矢部 随分前のことになりますが、バラエティ番組「エンタの神様」で「せっけん」という鉄拳さんをパクッたキャラで、しかも「こんな○○は嫌だ」という鉄拳さんのフリップネタをそのままやっていた時期がありまして……。

鉄拳 なんだ、その話ですか(笑)。もう20年近く前のことですよね。

矢部 プロデューサーに言われるがままだったとはいえ、本当に申し訳ありませんでした! 公の場で一度きちんと謝罪しないといけないなと思って。

鉄拳 僕は一度しか出たことがないのに「エンタの神様毎週見てました!」といまだに声をかけられることがあります。でも結果、僕のネタの宣伝をしてくれたわけですから、全然気にしていませんよ。

矢部 何か食べたいものとかあったら言って下さい! 

鉄拳 って随分簡単な謝罪じゃないですか! (笑) でも食事よりも、漫画の方がいいかな。
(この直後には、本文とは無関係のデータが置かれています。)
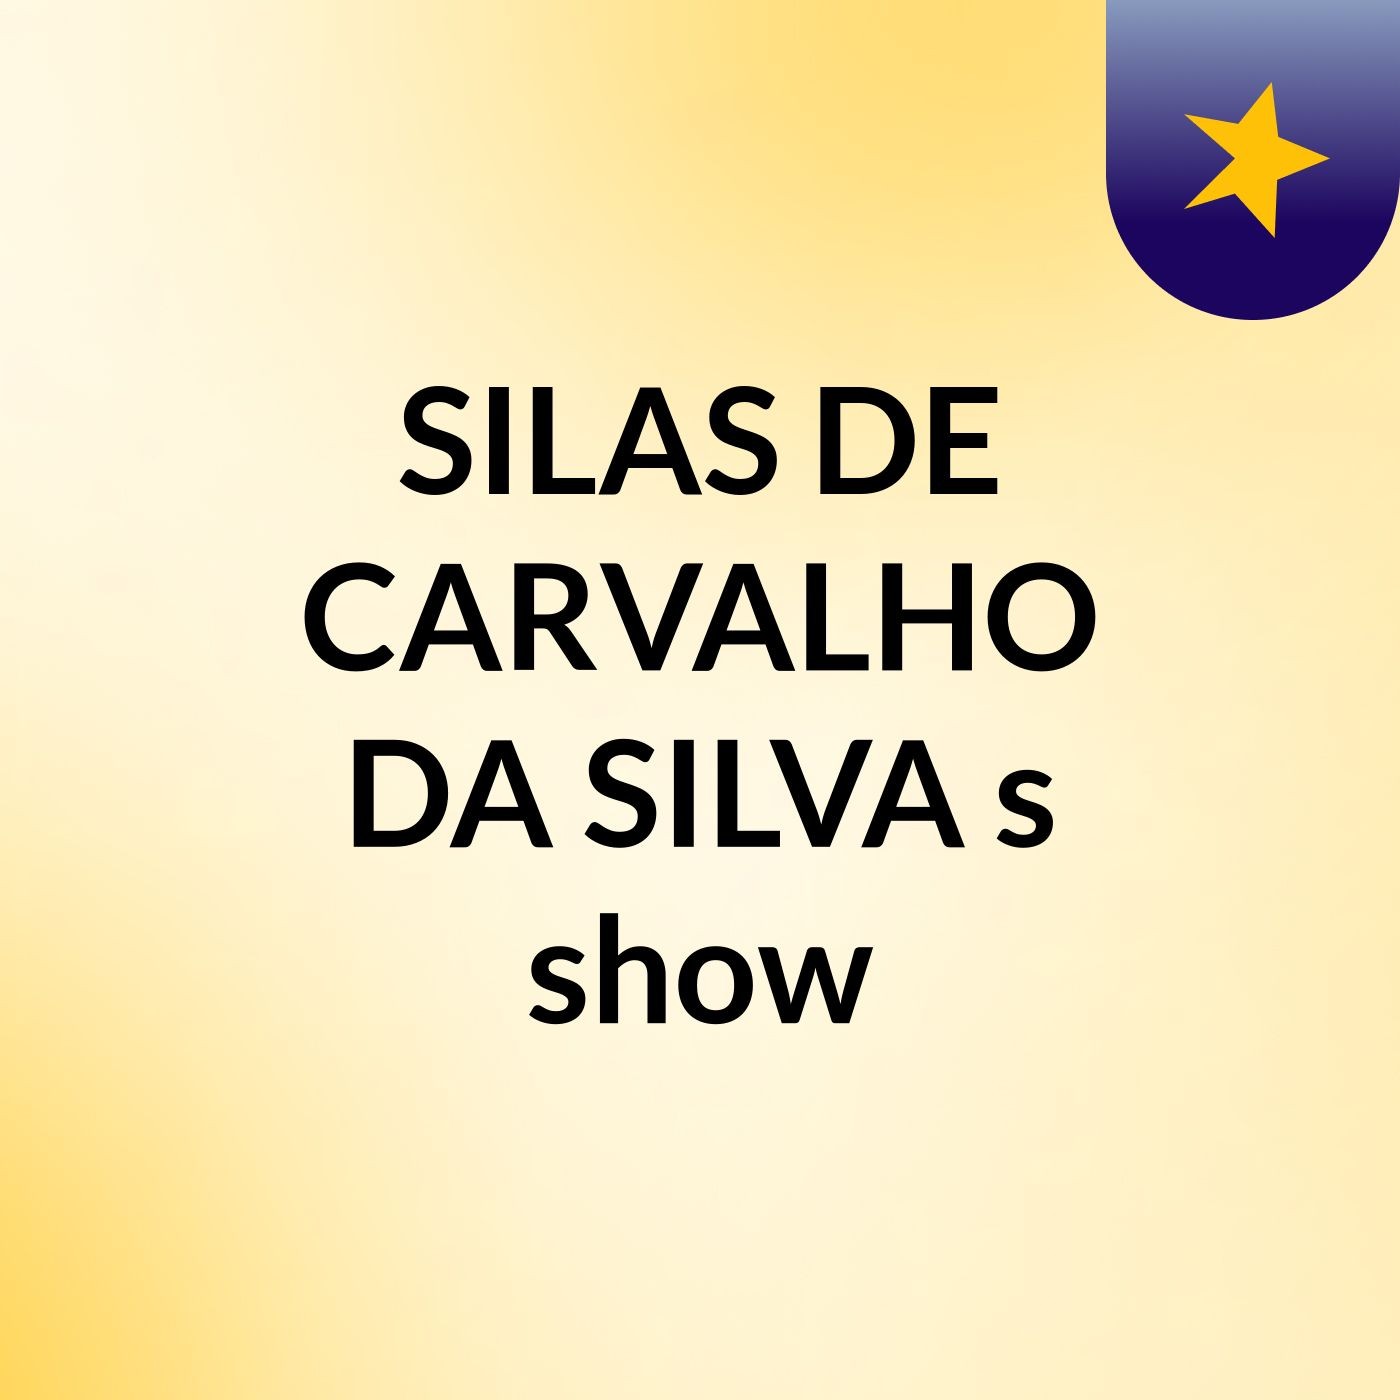 SILAS DE CARVALHO DA SILVA's show

1話分だけでいいから、「鉄拳さんと僕」を描いて下さいよ。

矢部 わ、そんなことでいいならいくらでも描きます! 

鉄拳 『大家さんと僕』は1冊目の雑誌連載時に初めて読みました。4ページの1話分だけ読んで正直、「物足りないな」と思ったんです。でも1冊にまとまった後に再度読むと、その物足りなさがちょうど良かった。全編「濃い内容」だったらこれほどヒットしなかったと思います。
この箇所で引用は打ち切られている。